GDPR Compliance for AI Automation in UK Businesses

If you are sending customer data through an AI model as part of an automated workflow, you have GDPR obligations. Most UK businesses using tools like Make, n8n, or direct API calls to OpenAI and Anthropic do not realise they are acting as data controllers with processors located outside the UK. The good news is that compliance is straightforward once you understand where your data goes and what paperwork needs to be in place.

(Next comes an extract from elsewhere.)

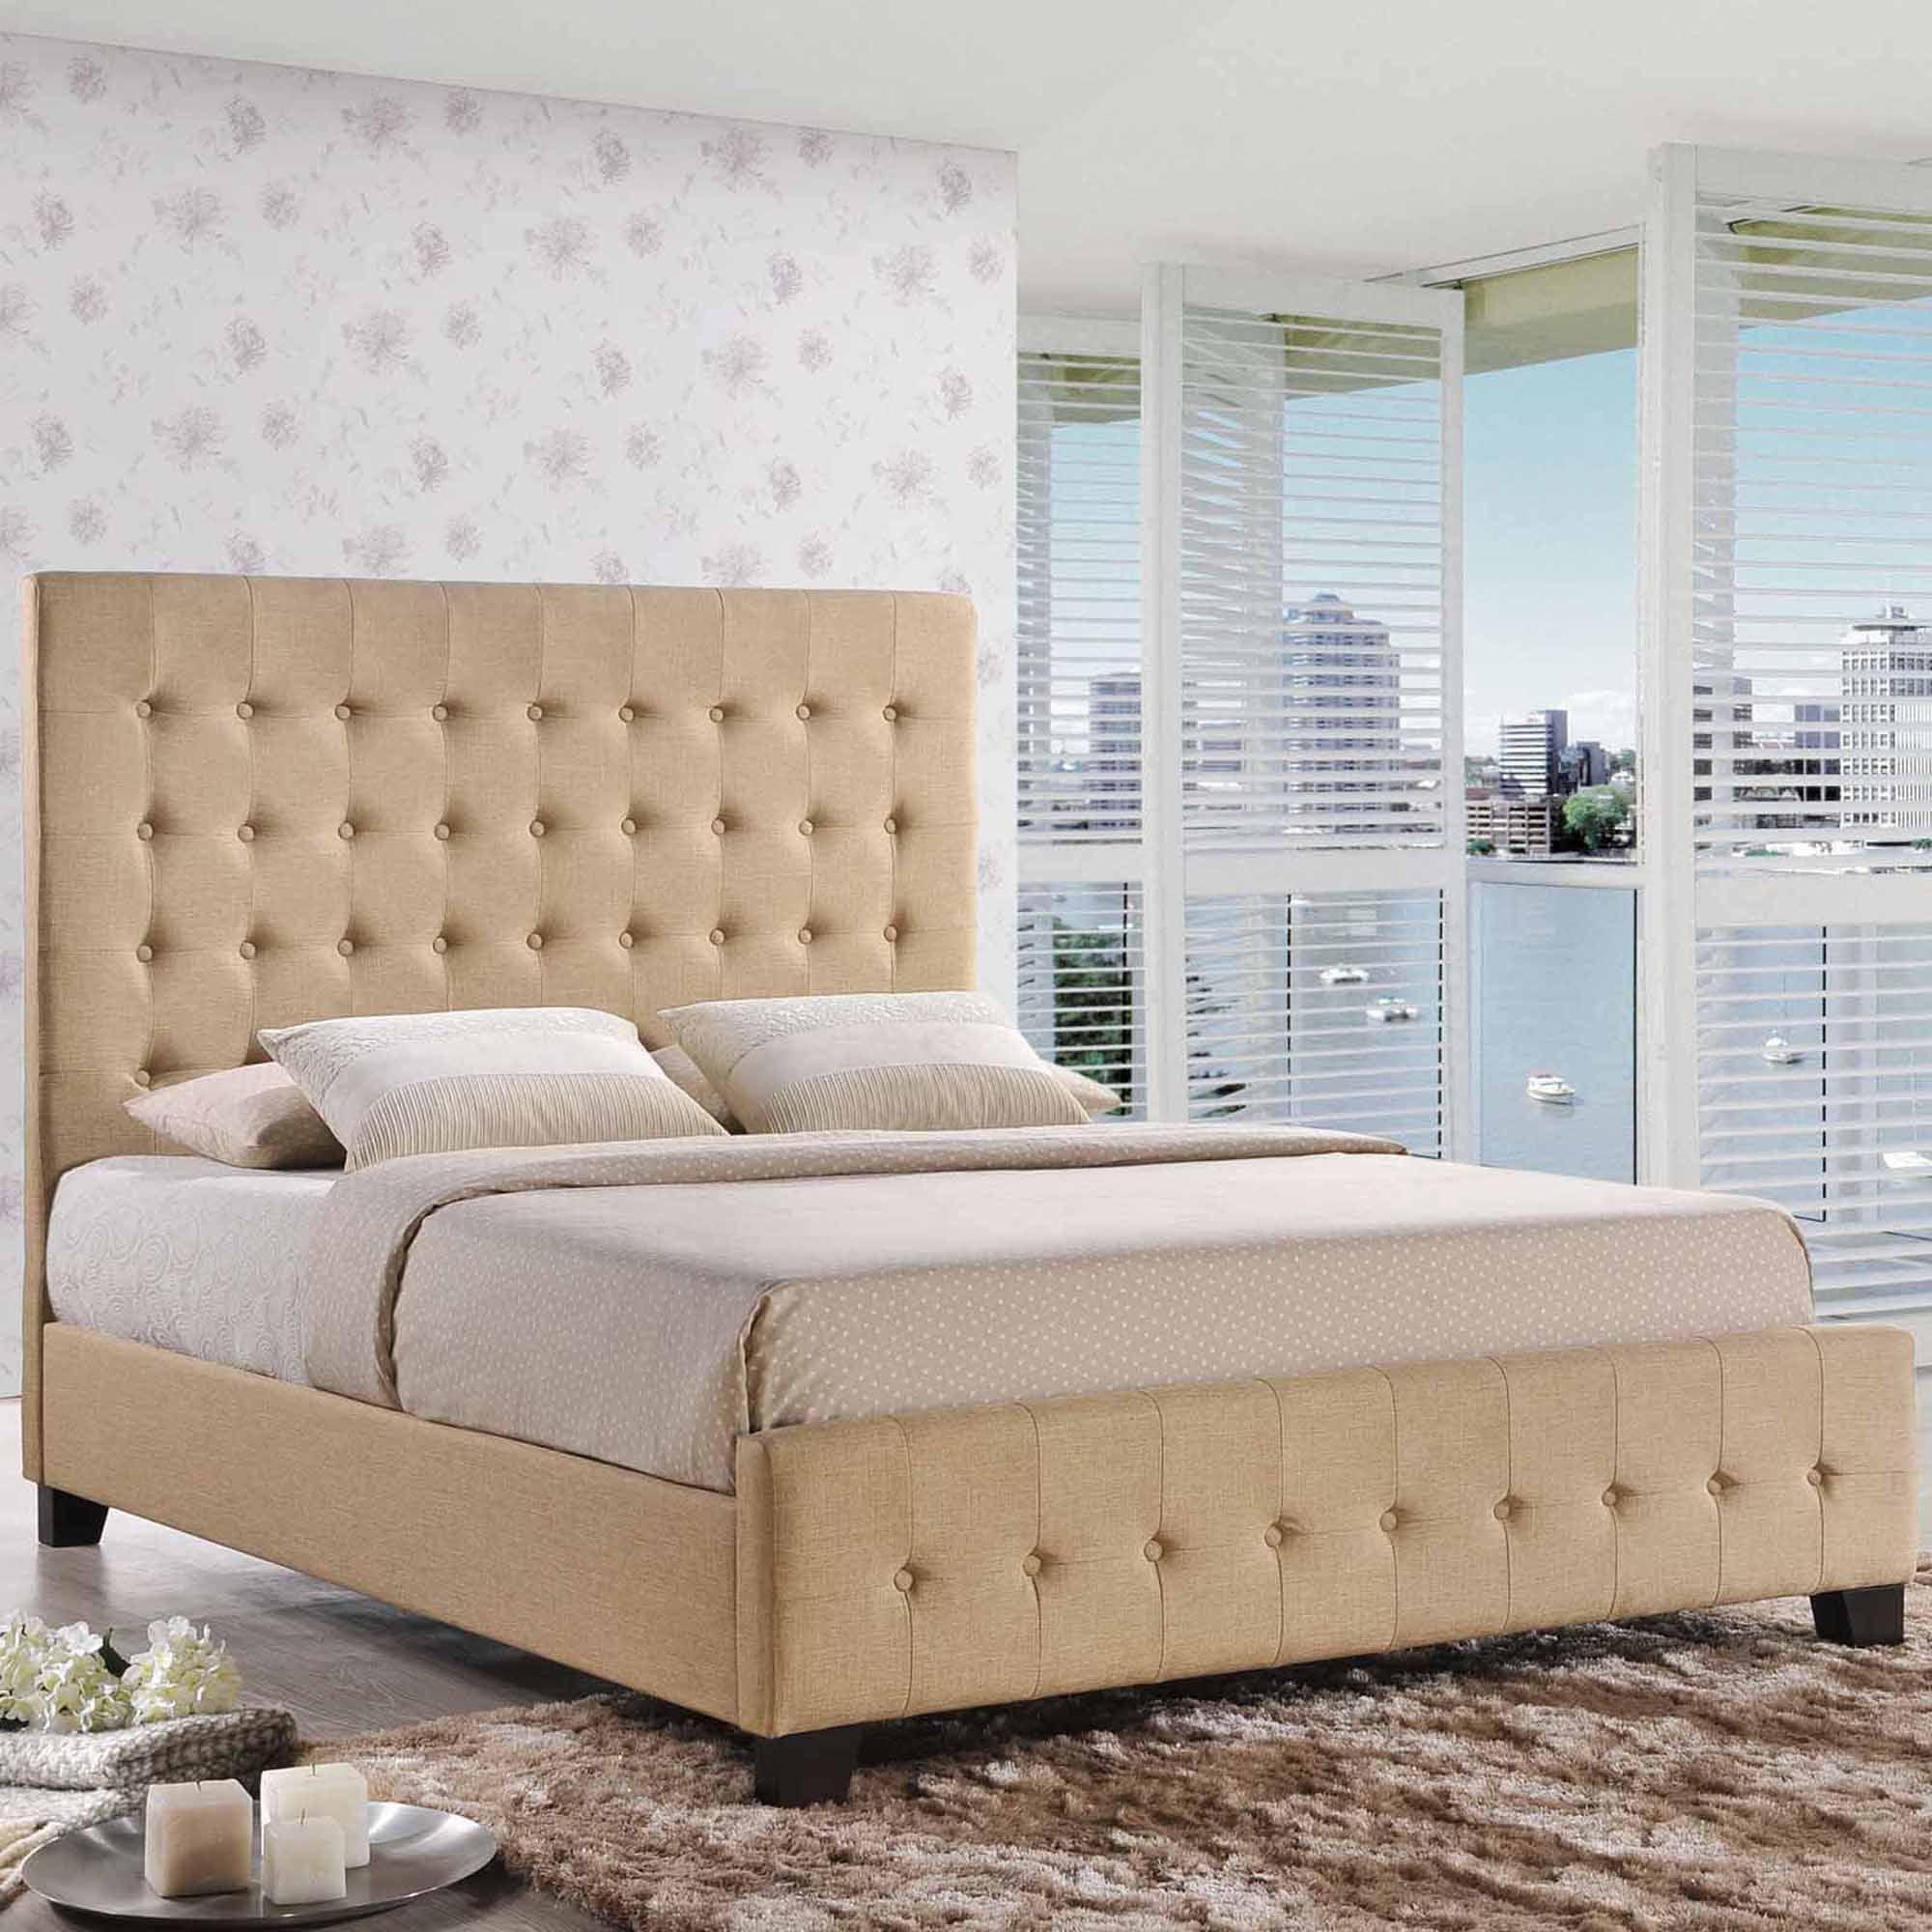 Modway Skye Full Upholstered Platform Bed, Multiple Colors

This guide covers the specific GDPR requirements for AI automation workflows. Not SaaS tool compliance. Not chatbot privacy policies. The actual data protection steps you need when personal data flows through LLM APIs inside your business processes.
What GDPR Means When You Add AI to Business Workflows
UK GDPR still applies in full to AI automation. The core principles of lawfulness, purpose limitation, data minimisation, and accountability do not change because you are using a language model instead of a human to process information.
What changes is the supply chain. When you build an automation workflow that sends a customer email to GPT-4o for summarisation, or routes a CV through Claude for screening, you are transferring personal data to a third-party processor. That processor may be based in the US. The data may pass through servers in multiple jurisdictions before a response comes back.
You need three things in place before any personal data touches an LLM API. First, a lawful basis for processing under Article 6 of the UK GDPR. For most business automation, this will be legitimate interests. Second, a Data Processing Addendum (DPA) signed with every AI provider whose API you call. Third, updated privacy notices telling data subjects that their information is being processed by AI systems.
If you are new to what AI automation involves at a practical level, start there. The compliance requirements scale with the complexity of your workflows.
Where Your Data Goes When You Use OpenAI, Claude, or Gemini in Automation
Three things to know about LLM provider data handling:
- OpenAI API and ChatGPT business products do not use customer data for model training. OpenAI acts as a data processor under a signed DPA and processes UK data through OpenAI OpCo, LLC in the US, with Standard Contractual Clauses (SCCs) and the UK Addendum in place.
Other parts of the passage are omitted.